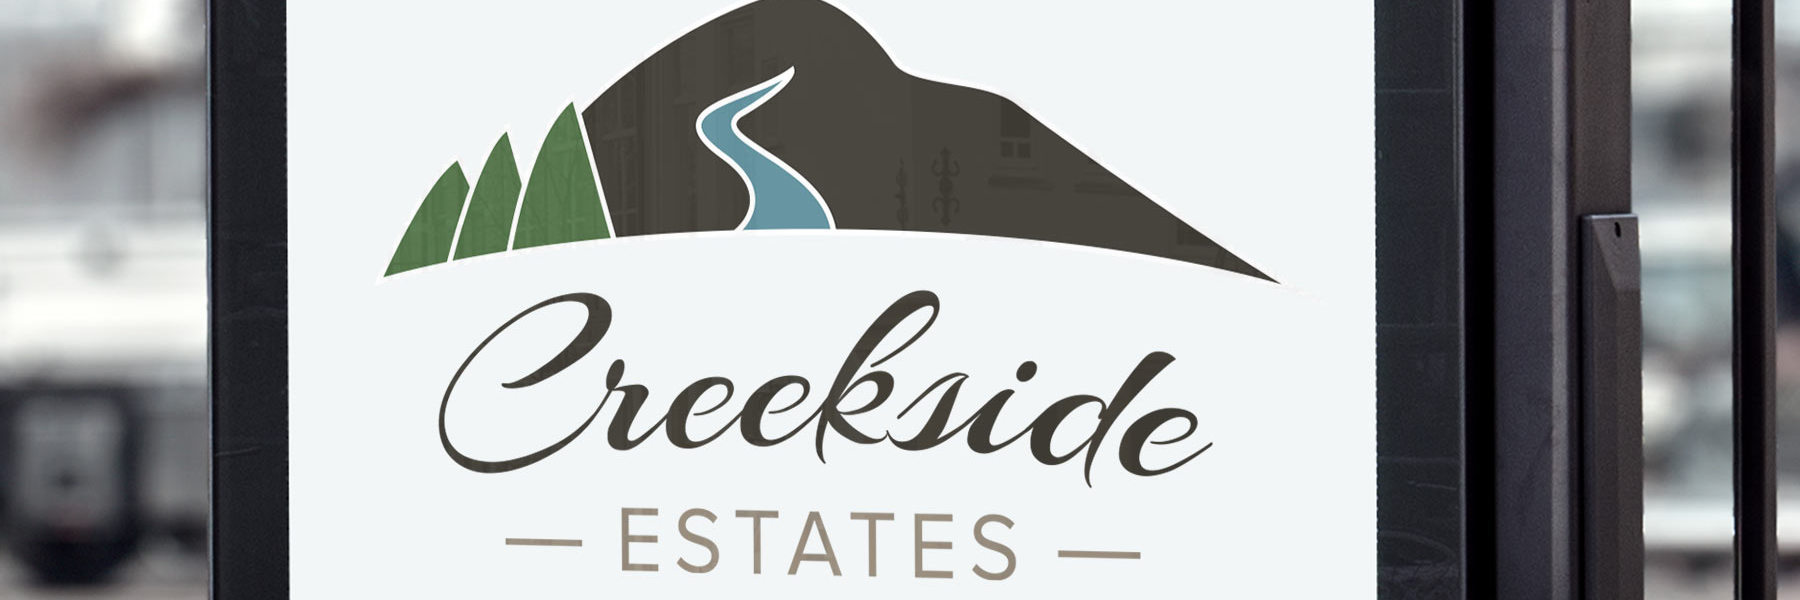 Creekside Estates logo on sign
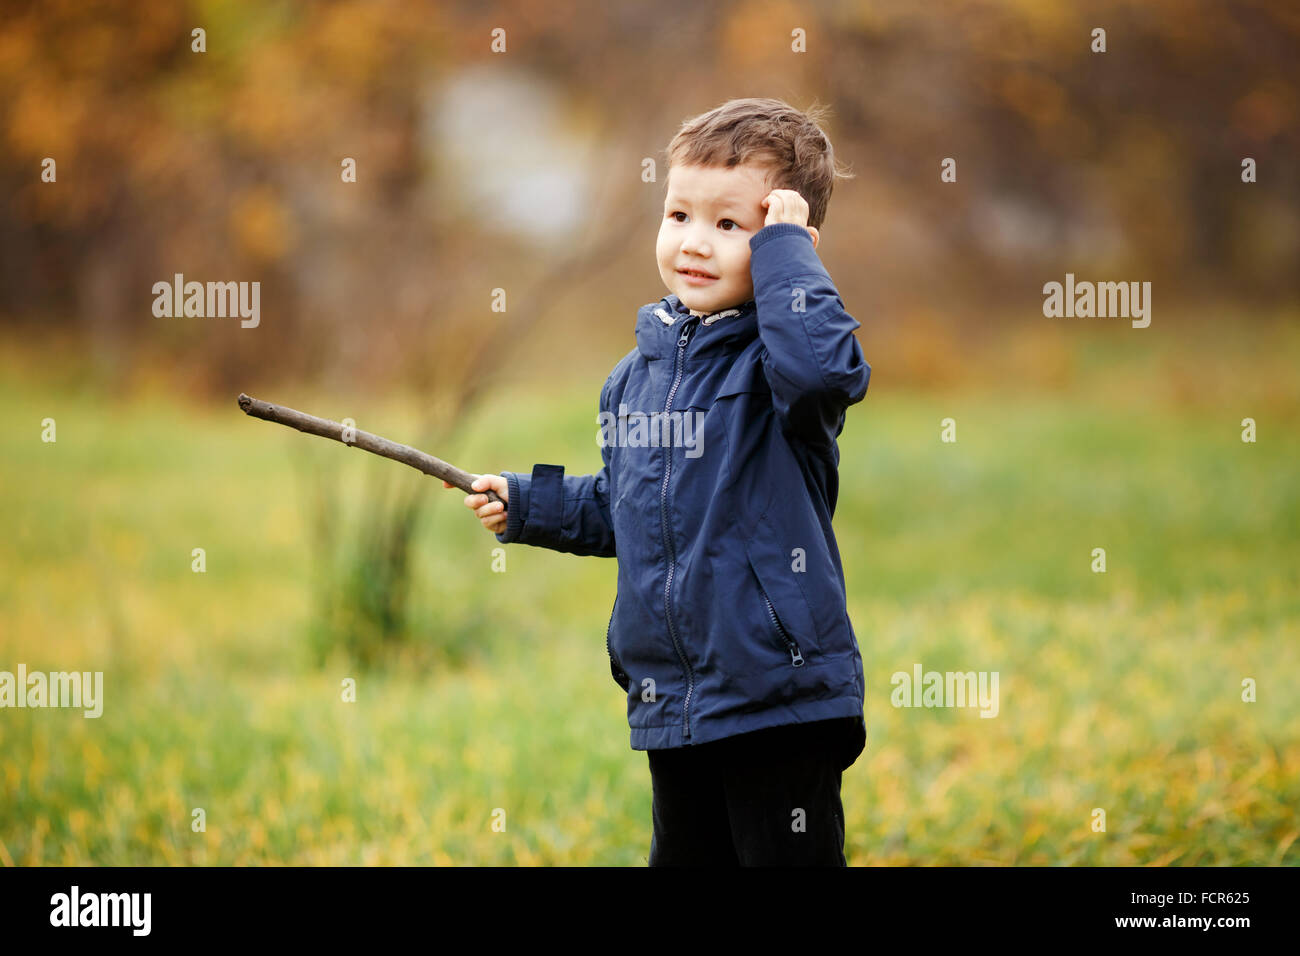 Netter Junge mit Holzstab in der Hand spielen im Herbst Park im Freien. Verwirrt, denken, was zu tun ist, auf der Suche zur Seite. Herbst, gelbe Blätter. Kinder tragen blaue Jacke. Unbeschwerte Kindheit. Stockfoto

==

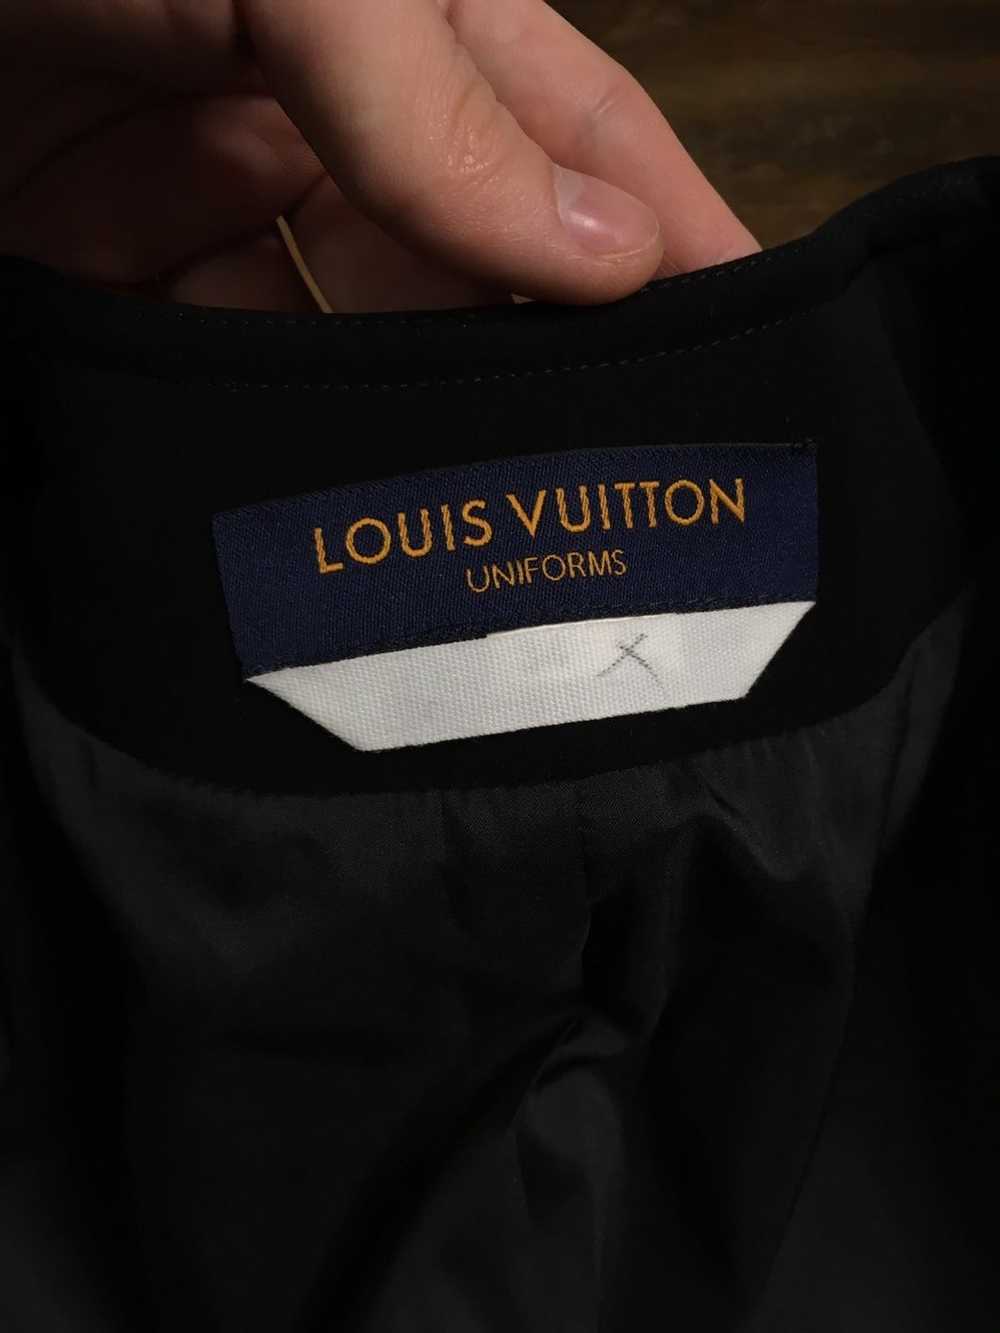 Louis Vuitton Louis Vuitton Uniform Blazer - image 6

(EXERCISE):
Could you output exactly the lines above, from the line with "Creekside Estates logo on sign" up to and including the line with "Netter Junge mit", and nothing else, skipping the pictures?

(FINISHED EXERCISE):
 Creekside Estates logo on sign
 Netter Junge mit Holzstab in der Hand spielen im Herbst Park im Freien. Verwirrt, denken, was zu tun ist, auf der Suche zur Seite. Herbst, gelbe Blätter. Kinder tragen blaue Jacke. Unbeschwerte Kindheit. Stockfoto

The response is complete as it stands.